SHUT UP, yes you... WHAT DID I JUST SAY!!!!

Yo Momma is SO FAT, THAT she has an increased risk of cardiac arrest due to her blood pressure.

What would you get when you cross a bear and a shark? a highly improbable situation because sharks and bears live completely different environments.

How many Azheimer's patients does it take to screw in a lightbulb? To get to the other side!

Why did the dog lick his balls? Because he can.

Q.who is Tiny, a lion and has no friends and is a bald eagle? A.Rory Johnston

Why are Mexicans so good at jumping, swimming and running? They aren't. You're just racist.

Bob loves Anne. Anne loves Bob. No one cares.

why did the cow say baaaaa ? it was a stupid cow

Why were two black men fighting for a dollar that fell on the floor? Because they both lost their homes in the crashing market and have to care for their ill children that need money for medical expenses.

A black man accidentally walks into a white man. They apologize to each other and carry on with the rest of their day.

what is funnier than a apple? a talking apple

Why did the bus crash? The driver was a loaf of bread.

A red-head, a brunette and a blond are trapped on an island 10km from civilization. The red-head swims 1.5km's, but is to tired, so she swims back to the island. The brunette swims 3km's, but is too tired, so she swims back to the island.

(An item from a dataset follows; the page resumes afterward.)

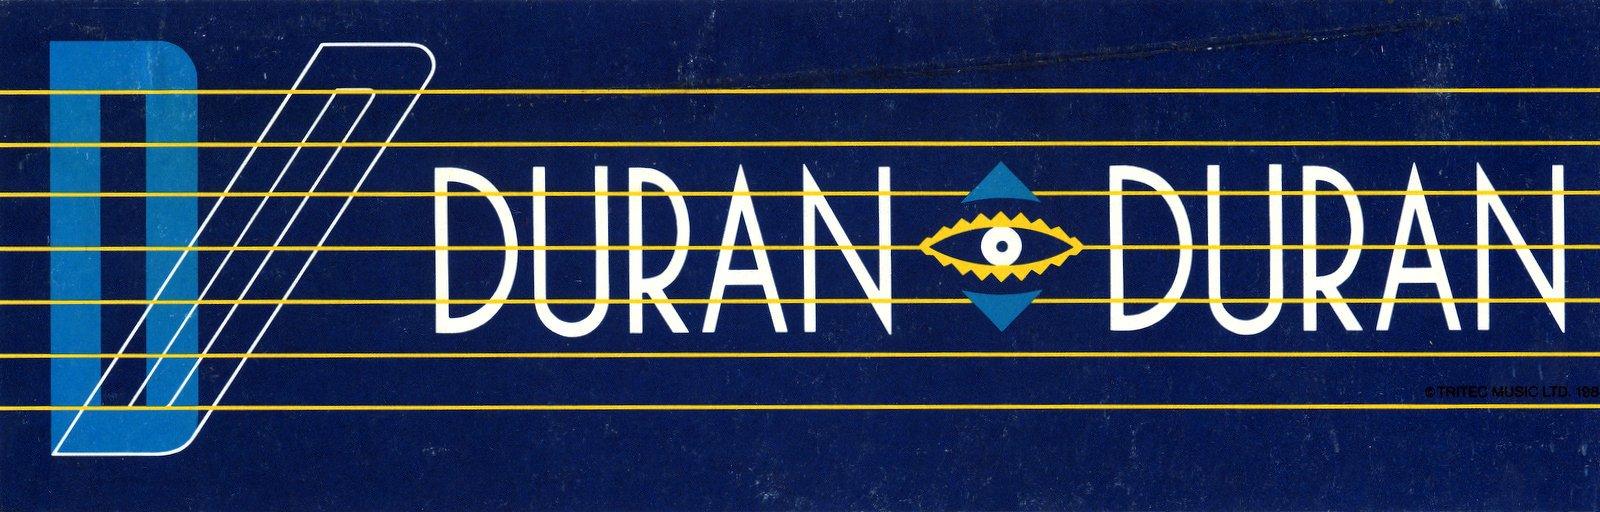 Vintage 1980s Duran Duran bumper sticker

After watching the first two fail, the blond evaluates the situation and decides that she does not possess the swimming ability required to reach the 5km point (At which swimming back to the island becomes equally as far as swimming to civilization), and instead stays on the island and creates a signal fire out of bits of debris scattered on the island, getting rescued within hours.

What would Helen Keller say to Obama? Wow Im really impressed that you are our nation's first black president. You're doing a great job. Except it would come out like DUUUUURNNNNNAFMKAAAALLLL

Yo momma's such a whore that she violates the sanctity of marriage by sleeping with other men other than her husband.

Why did the girl need a peice of gum after spending 20 minutes parked in the truck with her boyfriend? Because she had spent the last 20 minutes eating sweets, which she couldnt let her mom know she had eaten because her mom calls her fat everyday even though she only weighs 110 pounds, and forces her to only eat vegetables.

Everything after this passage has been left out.